I never forget an aunt contrasting the specter of so many rushing to be doctors and few of them staying around to help in a time of need.
To that extent, the aftertaste of academic brilliance in Kerala, has been the same as the aftertaste of money.
In relatively prosperous Kerala, sporting decent per capita income and low levels of poverty, money and what money does have created a transaction-based society that is increasingly short of human warmth.
But this isn't the only shortcoming one sees in a life measured by exam scores and money.
For India as a whole, neither exam scores nor money has helped to conspicuously check wrongdoing and injustice.
Some of the trends one sees in daily news, fail to reconcile.
For example, academically brilliant students securing record-breaking salary is frequent topic of reportage.
However, the infusion of such brilliance in the corporate world hasn't resulted in corporate aspirations that are more relevant to human well-being or well-being of the planet.
It hasn't spawned companies that aspire for goals nobler than shareholder returns or a notion of business that exceeds the thirst for fantastic profit.
We have seen financial inequality grow and industry being partner in the transformation of democracy to models harking of despotism and monarchy.
At this stage if we revisit the record-breaking salary offered, one suspects that the intelligence recognised was very likely a specific ability relevant to the company and not the package of intelligence and awareness we have known a conscious human being to be.
Simply put, in India's rat race, academic qualifications measured by exam scores and prospective income have largely served to save one's butt and author a good life for self and family.
Even that vicious trolling, a weapon widely used to promote polarising politics and familiar to us since the past decade of character assassinating social media posts, had as its proponents many who suffered no lack of education by academic qualification.
Weaponising communication came easily to them. How many of those who had their photos stuck on the front page of newspapers and on the hoardings of coaching class businesses (for clearing exams with flying colors), developed the courage to adopt a cultured, educated, inclusive view of humanity and planet?

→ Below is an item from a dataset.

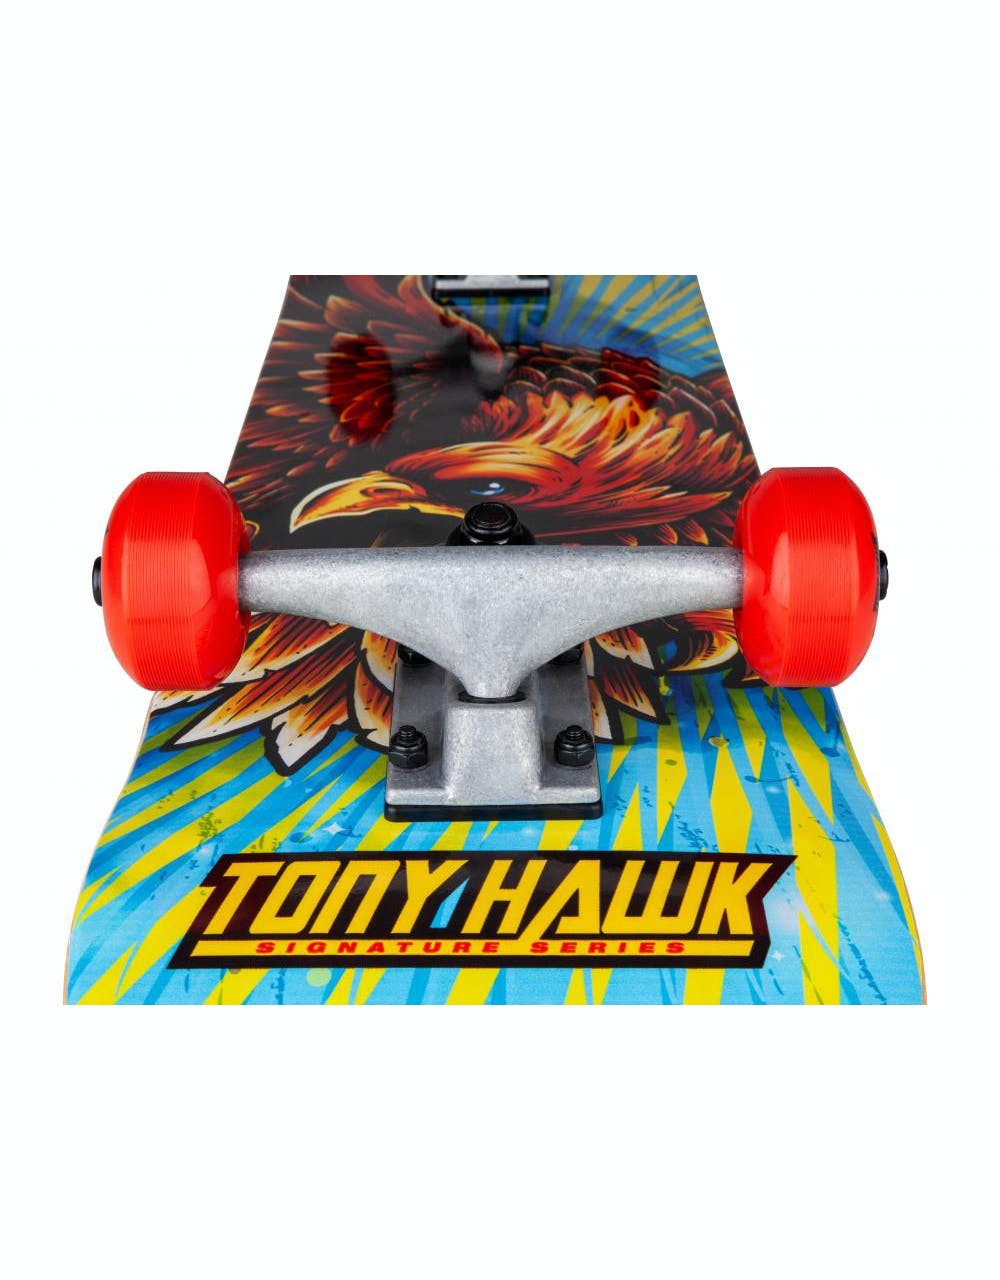 Tony Hawk 180 Golden Hawk Complete Skateboard - 7.75"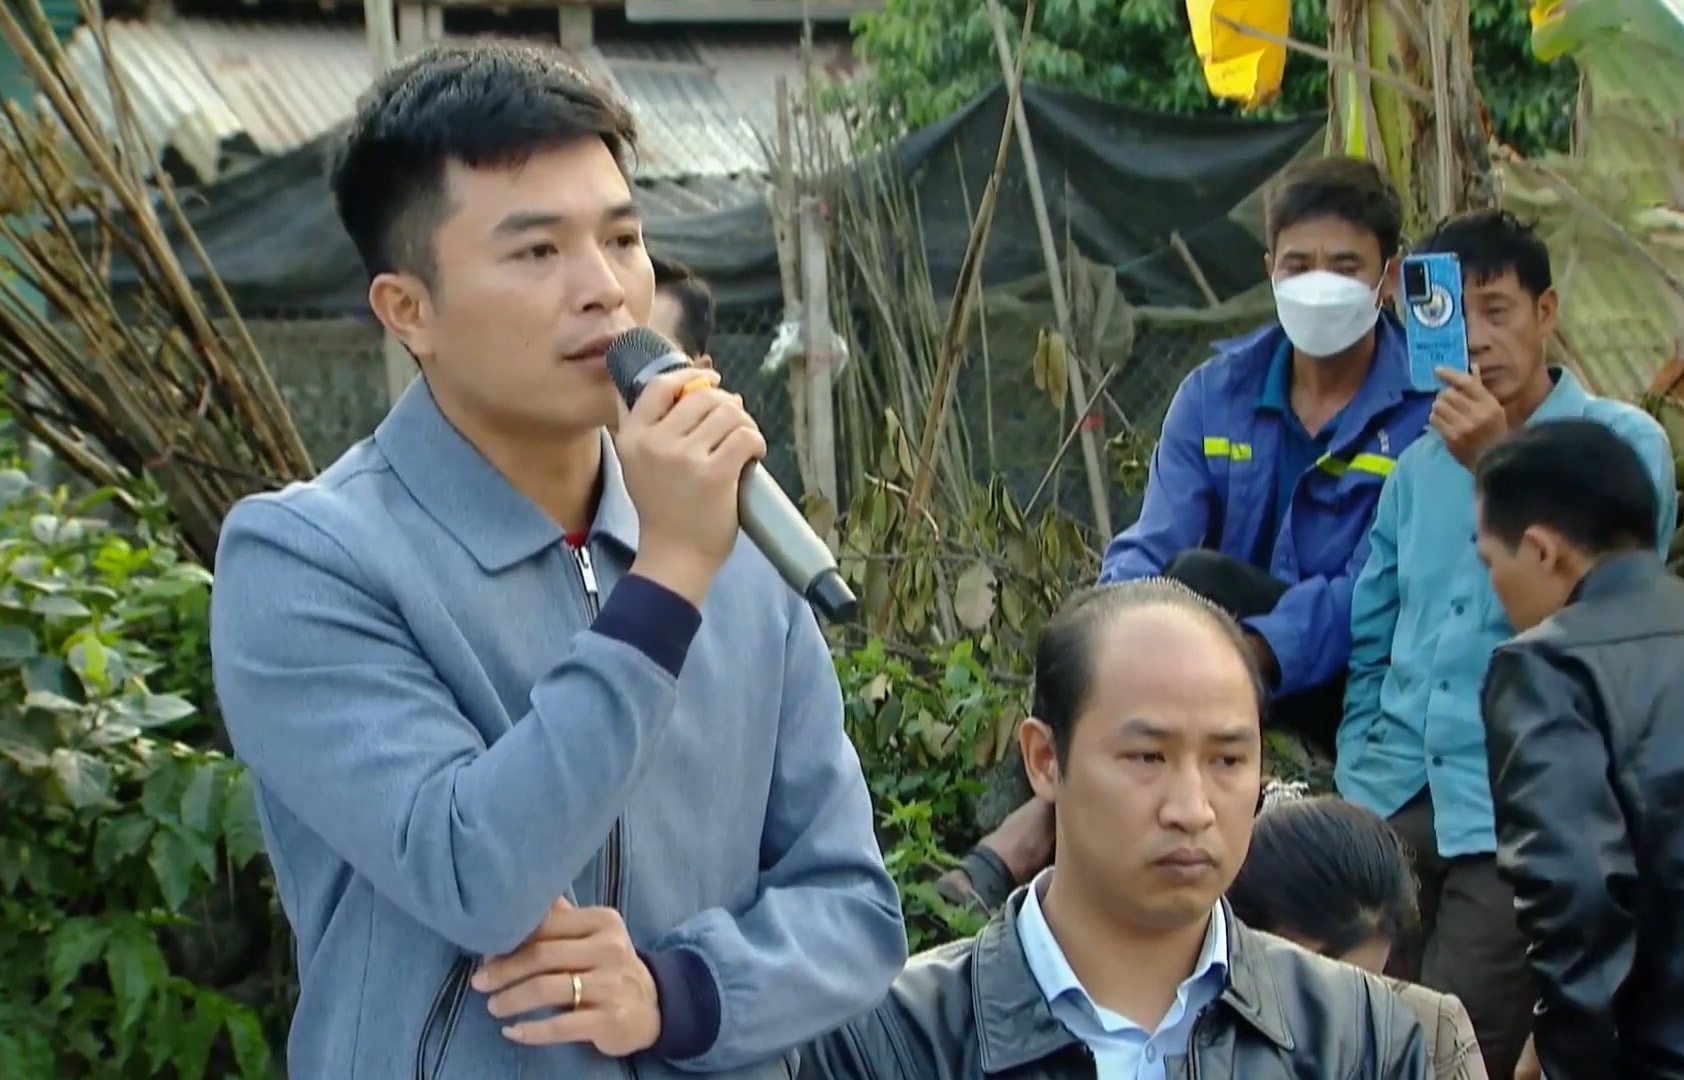 Ông Ngô Xuân Trường, Giám đốc Công ty TNHH chăn nuôi Sơn Động trao đổi với người dân trước phản ánh công ty gây ô nhiễm. Ảnh: Vân Trường

I feel it is utterly silly to disproportionately celebrate academic achievements in school and college when there is so much life and transformation by life yet to happen.
In fact, success is easy. What is tough, is -- awareness.
At times like now resonant with authoritarianism, megalomania and democracy caricatured by those in power to shades of royalty, the results of the civil service exams captured one's attention in a manner not comparable to the regular announcement of rank holders.
How many of the youngsters featured in the pages of newspapers for topping said exams, may be counted on to be whistleblowers and checks on the misuse of power?
How many will stand up to wily, destructive regimes stealing the people's power for personal aggrandisement?
Or, will the goal be merely great career achieved?
Shyam G Menon is a freelance journalist based in Mumbai.